By the fourth grade, I had learned that color was a bad thing, that being different was a bad thing. During recess, I ran, letting the brown dirt stain my feet and the yellow sun burn my skin, but the pale pig-tailed girls whispered during their double-dutch games that I was the weirdest girl they’d ever seen--a dressless, pinkless, sparkleless, jump-ropeless freak. Meanwhile, the boys unwillingly admitted that I was a good runner--for a girl.
Later, they told me there were things called races, as if it was a sort of competition to see who could win. They told me that no matter how fast I ran, I would always lose: my mother’s Asian, which makes me Asian, which makes me colored yellow, and colors are ugly, so I lose. Their words made my heart sink to my toes and my blood curdle, and nothing I could say could change their cruel thoughts. I felt wronged, so very, very wronged. Seen, but not truly seen. Heard, but never listened to. Seen and not heard: I became the ideal girl, forced into a cell of normalcy, utterly ignored no matter how hard I screamed for change.
Please, this imprisonment can no longer continue. I am not the only one.

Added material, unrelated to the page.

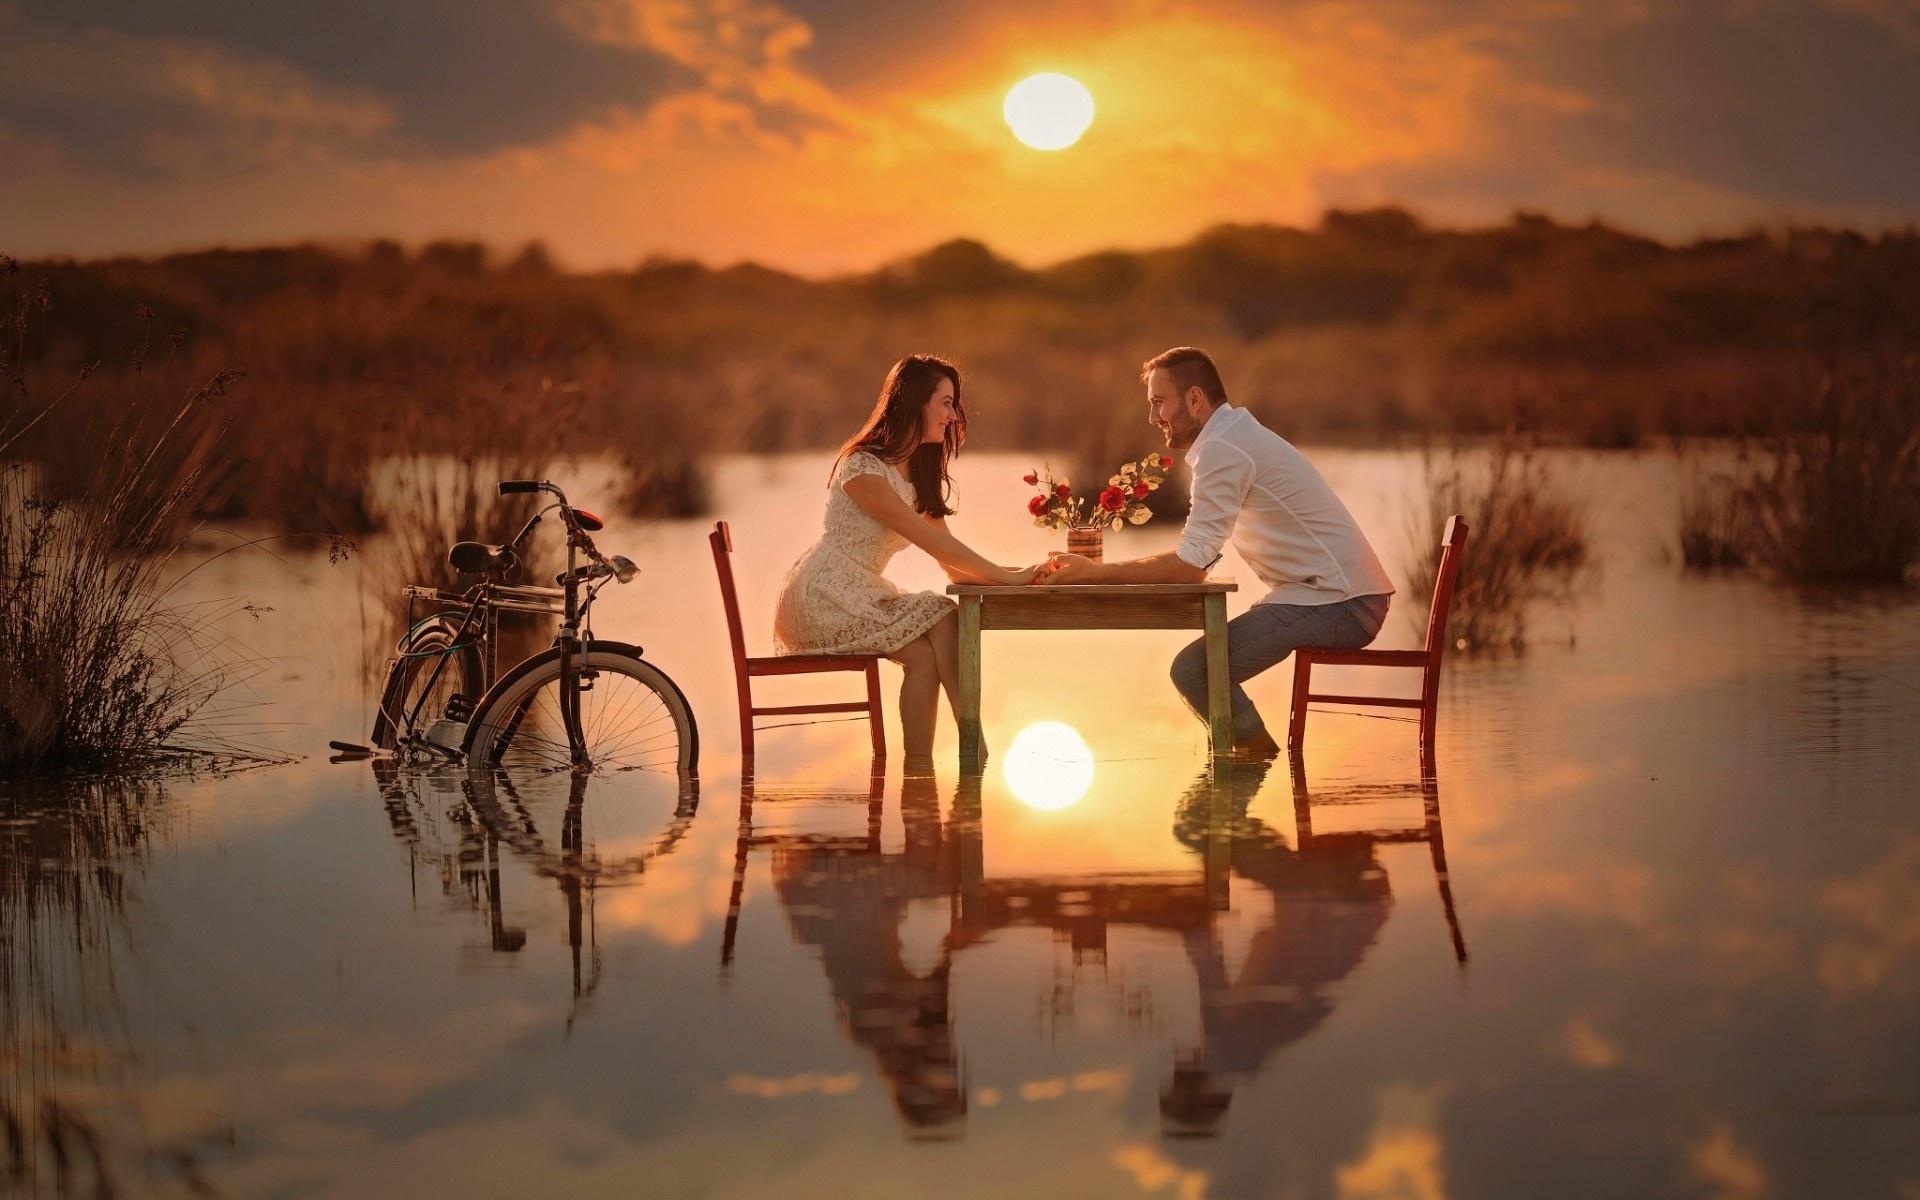 Парень и девушка на велосипеде фото 703-875

Through my almond “Asian” eyes, which are still mocked for their purportedly limited vision, I have seen so much: I have seen people with beautiful skin--skin that looked like chocolate earth and lullabies--gawked at by others, even joked about to the point that they did it to themselves. I have seen people who committed no crime but to love another get humiliated for being gay. I have seen people who did nothing but acknowledge who they really were inside become circus animals in the eyes of their peers, who ogled them as if transgender meant being infected with some grotesque yet fascinating disease. But the judgers, mockers, and humiliators did not realize they were the ones plagued by sickness, and they did not realize that the virus devouring them was not color, love, or revelation, but ignorance.
We must end this now.
Schools, which are the so-called havens of enlightenment, are often rife with ignorance and hatred, which spreads like an unseen cancer among us, consuming us, blinding us. We must acknowledge the wars being fought by the students who only attempt to know themselves, love themselves, and free themselves from the suffocating labels forever strapped around their necks. We must challenge students to think, to speak, to make this invisible illness a visible one, for only then can it be vanquished.
Because I am a child still, and children always ask for things that can never be, I ask for this: I was born in a white, silent winter in which I am still shivering; please, when the time comes, do not let me die in one.